By: Jerry Trubman, Owner and Founder

If you’ve been around as long as I have, you’ve seen many fitness trends come and go. It’s usually even the same trends with new names. Aerobics programs are a great example. How many of you remember Zumba? Probably most of you since it’s still around. How about Jazzercise? Billy Blanks’ Tae-Bo? Richard Simmons’ Sweating To The Oldies? Jane Fonda? Have I lost anyone yet?

Dr. Kenneth Cooper published the first book on aerobics in 1968, and frankly, not much has changed since then.

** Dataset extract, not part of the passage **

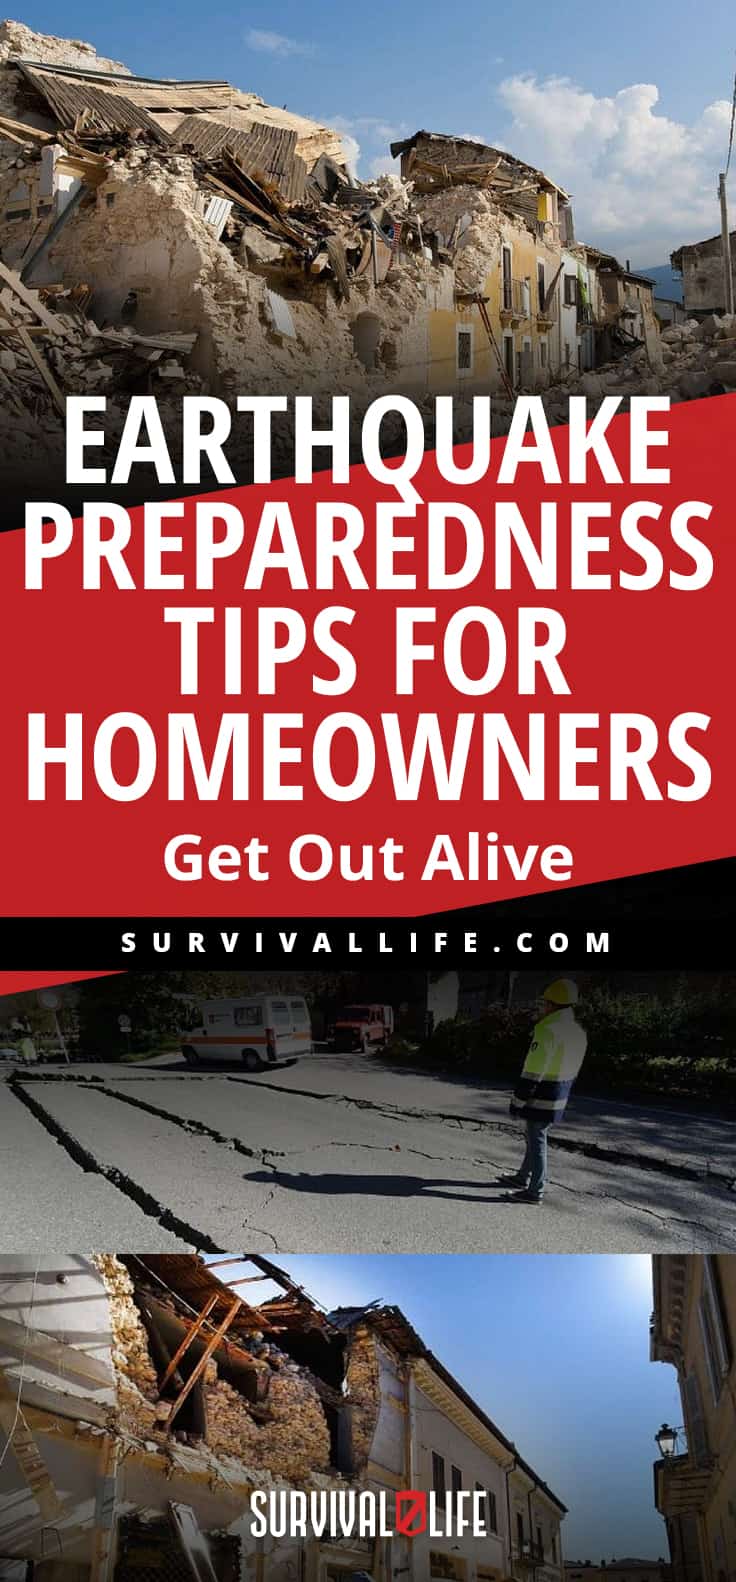 Earthquake Preparedness Tips For Homeowners | Get Out Alive

Soon there will be a new product, but it’s really just the same old stuff recycled into new stuff.

HIIT, or High Intensity Interval Training is not much different. The first HIIT was pioneered by Arthur Jones, an eccentric inventor, who in 1970 designed some fancy machines, called Nautilus, coupled with an exercise program that required a fraction of the time to complete than most workouts during that time.

While most gym rats of that era, heavily rooted in the Arnold Swartzeneggar-style bodybuilding culture, spent hours in the gym, a typical Nautilus workout could be completed in less than 25 minutes, thanks to the “high intensity” and “short rest” periods. Sound familiar?

Similar to aerobics, even today these programming principles have been cleverly repackaged into a wide variety of exercise fads. The names keep changing, but the concept is the same. The smartest guys in the room have debunked the superiority complex held by this style of training. But despite that, HIIT lives on. Why? Let’s talk about that…

The tragedy of HIIT

First and foremost, the biggest tragedy of HIIT (and the reason this trend continues to stick around) is that it works… at least for a little while. Of course, everything works for a little while. My absolute least favorite saying of “Well, at least he/she isn’t sitting on the couch!” definitely applies here.

Speaking of which, can we please remove “sitting on the couch” from the continuum of fitness? I get it, we need to encourage people who don’t move to get moving. But “it’s better than sitting on the couch” is a cup of pretty weak tea, is it not?  If that’s the only thing you can think of to justify your ineffective regimen, it’s probably time for a change.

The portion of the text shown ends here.